Inputs and outputs for the serosolver R package.
Users input the serological data to be fitted, an antigenic map if considering an antigenically variable pathogen, the infection history prior and any priors on the antibody kinetics parameters. These inputs feed into the process model that can either be used to simulate data by itself, or combined with observed data and MCMC to obtain three posterior outputs: individual-level infection histories, population probabilities of infection, and antibody kinetics parameters. Once these posteriors have been obtained, serosolver can run MCMC diagnostics and plot key immunological and epidemiological processes.
Fig 3.
Simulated vs. analytical infection history prior metrics (α = β = 1).
Bars show density histograms of infections from 10,000 simulated infection histories for 100 individuals across 42 infection periods. Red lines show known probability mass function. Plots A, D and G show the prior on the total number of infections per discrete time period j. Plots B, E and H show prior on the total number of lifetime infections per individual. Plots C, F and I show the prior on the cumulative number of infections across 42 time periods for one individual. Black line shows prior median, dark gray region shows 50% credible intervals and light gray region shows 95% credible intervals. Note that priors 1 and 2 are equivalent under these assumptions.
Table 1.
Comparison of run time and posterior sampling efficiency across a range of serosurvey designs.
Fig 4.
Influenza A/H1N1pdm09 infection dynamics in Hong Kong cohort.
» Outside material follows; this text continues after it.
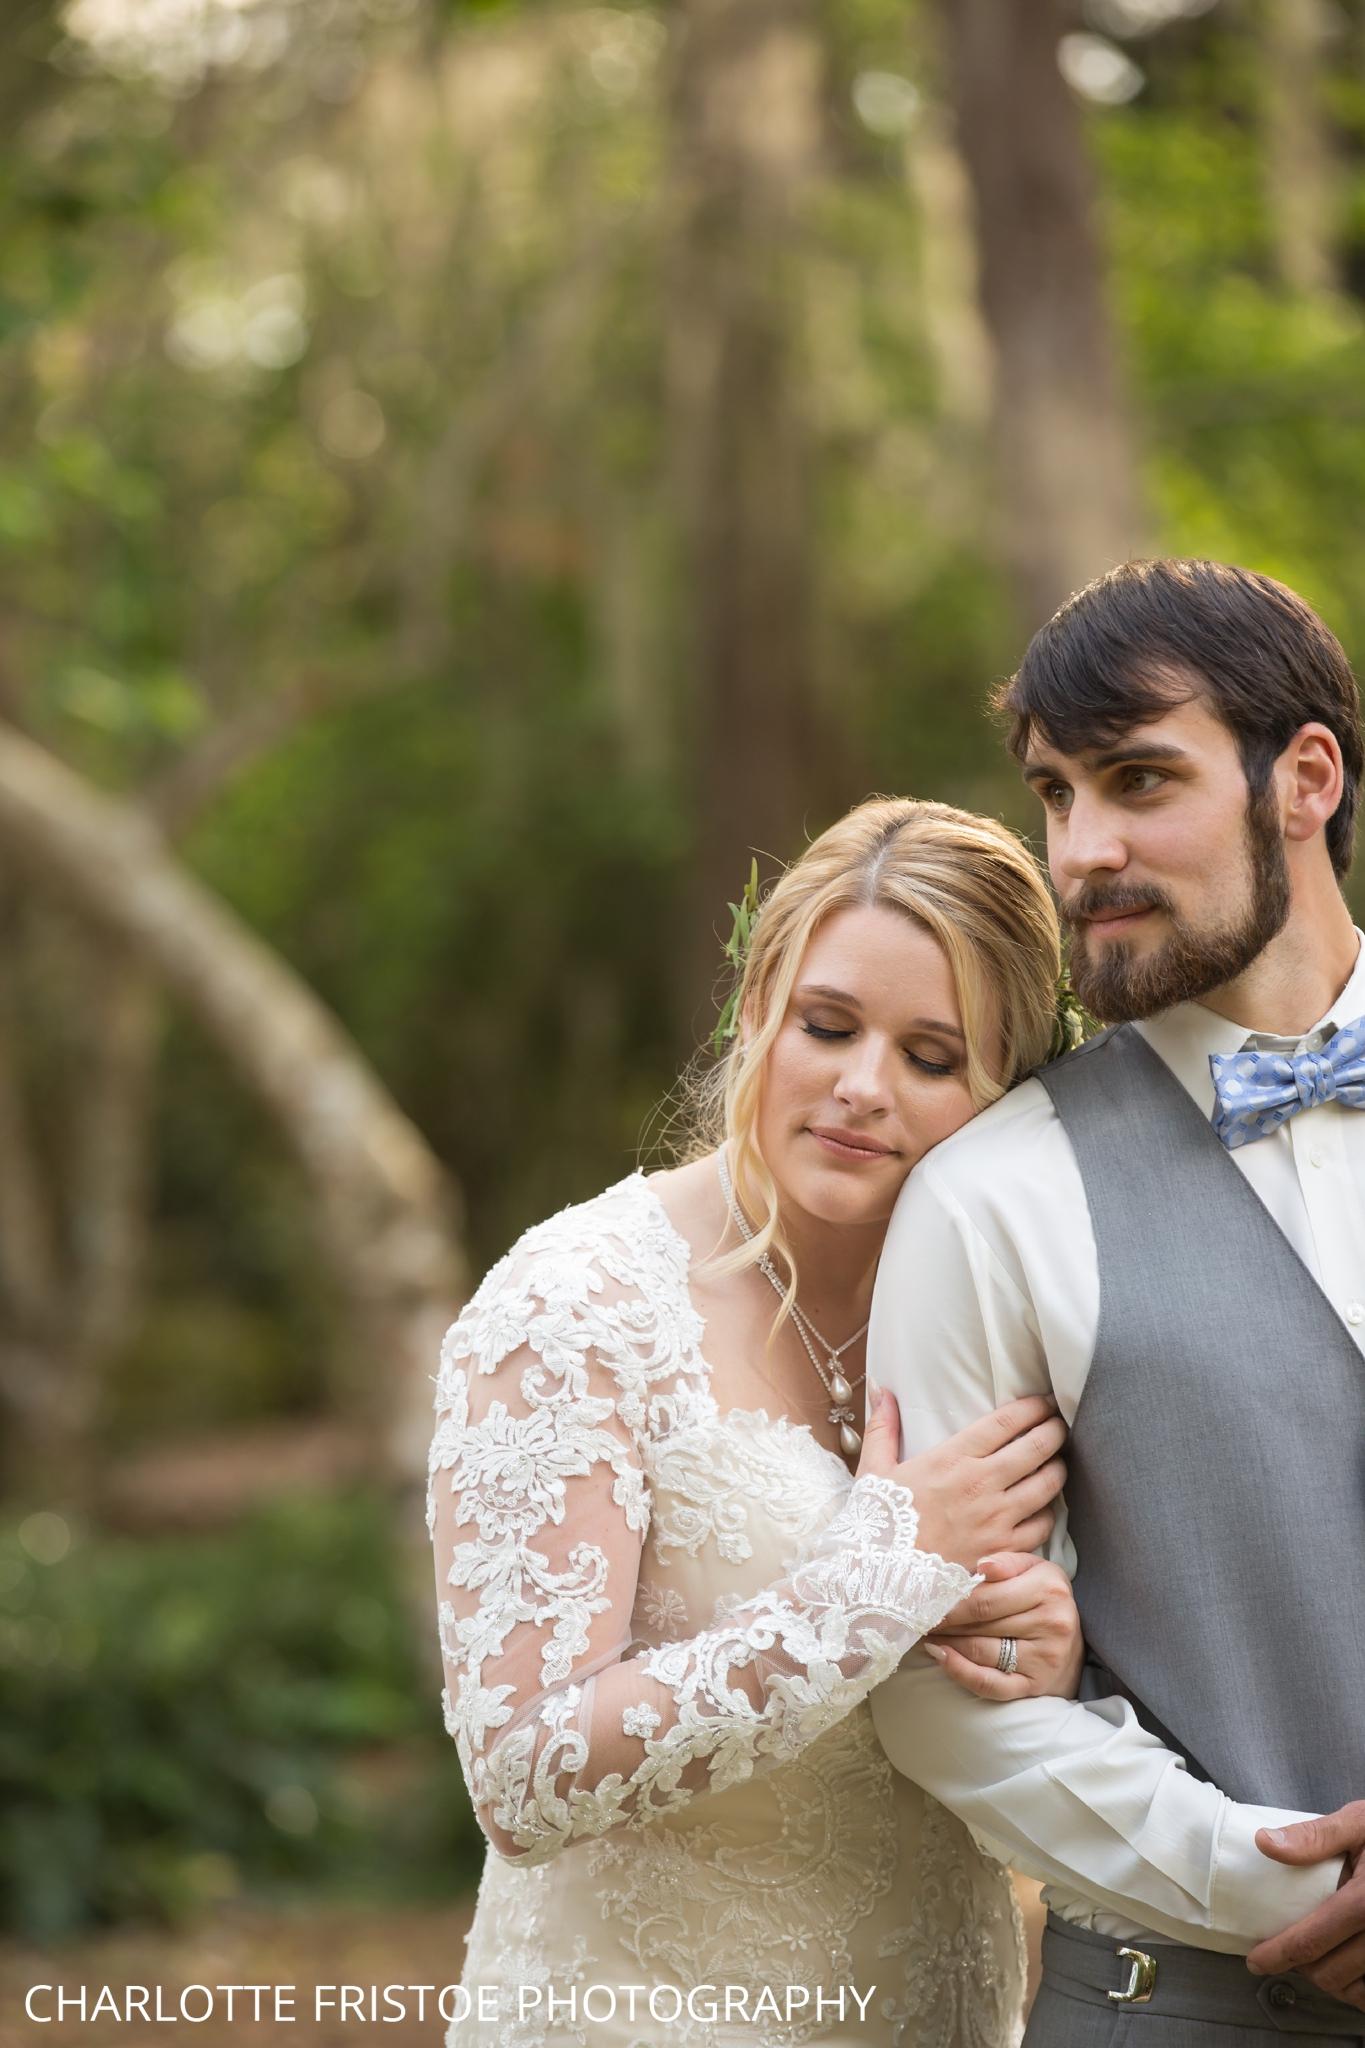 Charlotte Fristoe Photography Wedding-54.jpg

A: Exposure rates in unvaccinated and vaccinated individuals. Shaded regions show 80% (dark) and 95% (light) credible intervals (CI). Solid lines shows posterior medians. X-axis gives midpoint for that quarter. B: Age-specific exposure rates in unvaccinated individuals. Solid lines show median estimates for each age group (pink: <19 (n = 30), green: 19-64 (n = 264), blue: >64 (n = 17)) with 80% (dark) and 95% (light) CI shaded. C: Model predicted titres and inferred infections compared to observed titres for 4 representative individuals with inferred infections. Purple diamonds show observed titres; black dashed lines indicate posterior median model predicted titres; green shading shows 95% CI on model predicted latent titres (dark) and assay observations (light); orange shading indicates posterior probability of infection. Grey region shows titres outside the limit of detection. X-axis gives midpoint for that quarter. D: Posterior densities of antibody kinetics parameters and total number of infections (∑Zi). Vertical lines represent 2.5th, 50th, and 97.5th percentiles.
Fig 5.
Simulation-recovery of parameter and infection estimates using simulated single strain longitudinal data in same format as the Hong Kong dataset.
A: Model estimated attack rates vs. ‘true’ attack rates. Solid line shows estimated attack rate with 80% (dark) and 95% (light) credible intervals (CI); green line and points shows true attack rates. B: ‘True’ process parameters used for simulation compared to estimated posterior densities. Green vertical lines indicate true parameter values; vertical lines represent 2.5th, 50th, and 97.5th percentiles. C: Model predicted titres and inferred infections compared to observed titres and known infections. Green diamonds indicate observed titres; black dashed lines indicate posterior median model predicted titres; blue shading shows 95% CI on model predicted latent titres (dark) and assay observations (light); vertical lines indicate the timings of true infections; orange shading indicates posterior probability of infection.
Fig 6.
Influenza A/H3N2 dynamics in southern China.
A: Inferred historical attack rates. Shaded regions show 80% and 95% credible intervals (CI), solid line and points shows posterior median estimate; B: Frequency of inferred antibody responses (sero-responses) by age group. Boxplots show distribution across individuals based on posterior median total number of infections per individual per 10 years alive. C: Model predicted titres and inferred infections compared to observed titres (black diamonds). Shaded regions show 95% CI on model predicted latent titres (dark) and assay observations (light).